Personal-Computing-Logo color web jan14By Reid Goldsborough

One of the most used, and most overlooked, pieces of digital hardware is the keyboard. Full-size physical keyboards are what most distinguish laptop and desktop PCs from their smaller cousins, tablets and smartphones.

Until voice recognition becomes several orders of magnitude better than it currently is, keyboards will remain the quickest, most productive way to input data into a computing device.

There are many ways you’re probably not using your keyboard as productively as you could. Keeping your hands on the keyboard lets you do things faster than lifting one to push your mouse, swipe your touchpad, or press your touchscreen. There are other interesting things about the keyboard you peck away at every day that you probably don’t know.
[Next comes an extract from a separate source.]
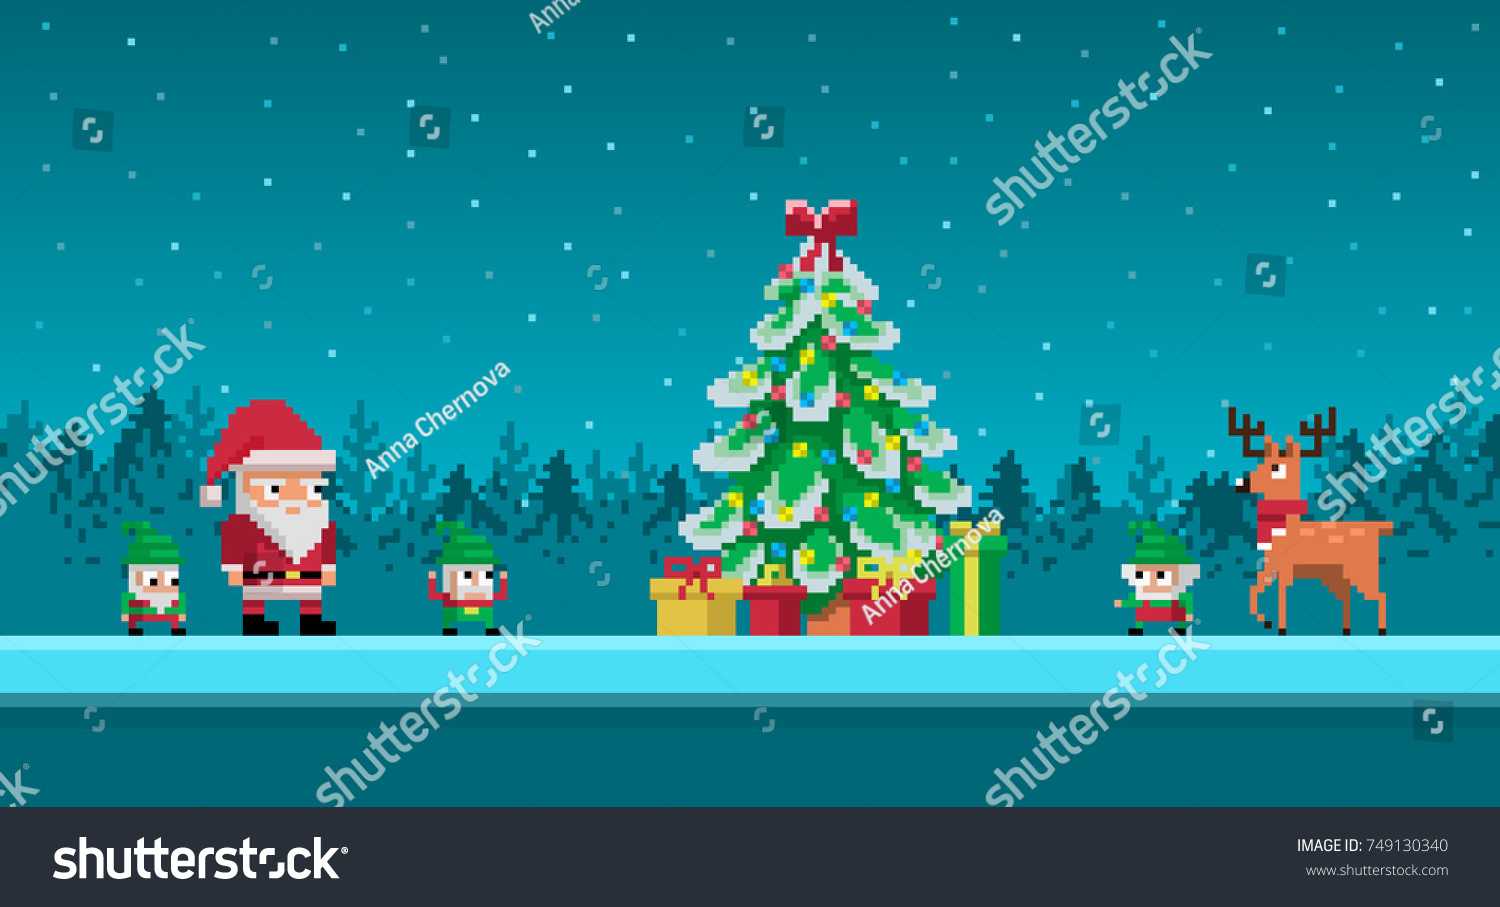 Image Vectorielle De Stock De Pixel Art Scene Avec Santa Claus 749130340

Microsoft co-founder Bill Gates made headlines in the tech media recently by talking about the keyboard’s Ctrl-Alt-Del keyboard function.

This keyboard combination is largely redundant today with Windows PCs.

With it you can lock your computer, change your password, switch to a different user, start the Task Manager, or log off, tasks you can initiate quicker otherwise.

In the past Ctrl-Alt-Del was how you rebooted a locked-up PC. In an interview at Harvard University, Gates complained that in the days when Windows’ predecessor, DOS, was being developed, IBM keyboard designers wouldn’t grant his request to include a single key or button to perform this function.

Windows keyboards today have other keys and keyboard combinations that you’re probably not using fully.

The Windows key, which is imprinted with a four-paned window, is one of the most useful. Pressing it displays the Start menu or Start screen.

Pressing it in combination with other keys does other things. Some apply to all recent versions of Windows, others to specific versions.

Windows-D takes you to the desktop, while pressing it again takes you back where you were. Windows-Down Arrow minimizes the current window and Windows-Up Arrow maximizes it in Windows 7 and later. Windows-+ opens the Magnifier and Windows-Esc closes it in Windows 7 and later.

Windows-F initiates Windows Search, while Windows-S initiates the Search charm in Windows 8.1.

You’re probably using other keyboard combinations that have been around since before Windows. The most useful include Ctrl-S for saving your current document, Ctrl-C for copying the highlighting data, Ctrl-V for pasting the copied data, Ctrl-Z for undo, and F1 for Help.

Other useful, frequently used keyboard combinations include Alt-Tab to switch among open programs, Alt-F6 to switch among open documents in the same program, Alt-F4 to quit the current program, Tab to move quickly to the next dialog box or Web link, and Alt-letter to move to the underlined letter in a dialog box.

PrtSc, short for Print Screen, is an interesting key. In DOS pressing it would print the text on your screen. In Windows pressing PrtSc captures the current screen and places it in the clipboard, where you can then paste it into a specific program. Alt-PrtSc captures only the active window. In Windows 8 and 8.1, Windows-PrtSc saves the current screen under the Screenshots subfolder in your My Pictures folder.

A little known trick is to press Shift-Alt-PrtSc. That also has nothing to do with printing the screen, but what it does is turn on the screen’s high-contrast mode or turn it off if it’s on. Instead of dark text against a bright white background, you’ll see light text against a black background. That means less light shining into your eyes and less eyestrain.

SysRq, for System Request, typically shares the same key as PrtSc. This has no standard use today and is there only as a holdover from mainframe computer keyboards made in the 1970s. The Pause/Break key also typically has no standard function today and goes back even further, to 19th century telegraphs. In Windows pressing Windows-Pause/Break brings up System properties, with information about your computer.

You can create your own keyboard shortcut in Windows as well as in many individual programs. As a quick way of starting a program, right-click on its Windows Desktop icon, click Properties, click Shortcut, click in the box after Shortcut key, and press Ctrl-Alt-first letter of program.

 From then on pressing Ctrl-Alt-first letter of program will start the program.

Microsoft has a page on keyboard shortcuts at

support.microsoft.com/kb/126449 and for Windows 8.1 at windows.microsoft.com/en-US/windows-8/keyboard-shortcuts. For Mac users, Apple has a page at support.apple.com/kb/HT1343.

If you’re a keyboard shortcut geek, you’ll benefit from a third-party macro program such as the free AutoHotkey (www.autohotkey.com). Among its tools is the ability to expand abbreviations as you type them.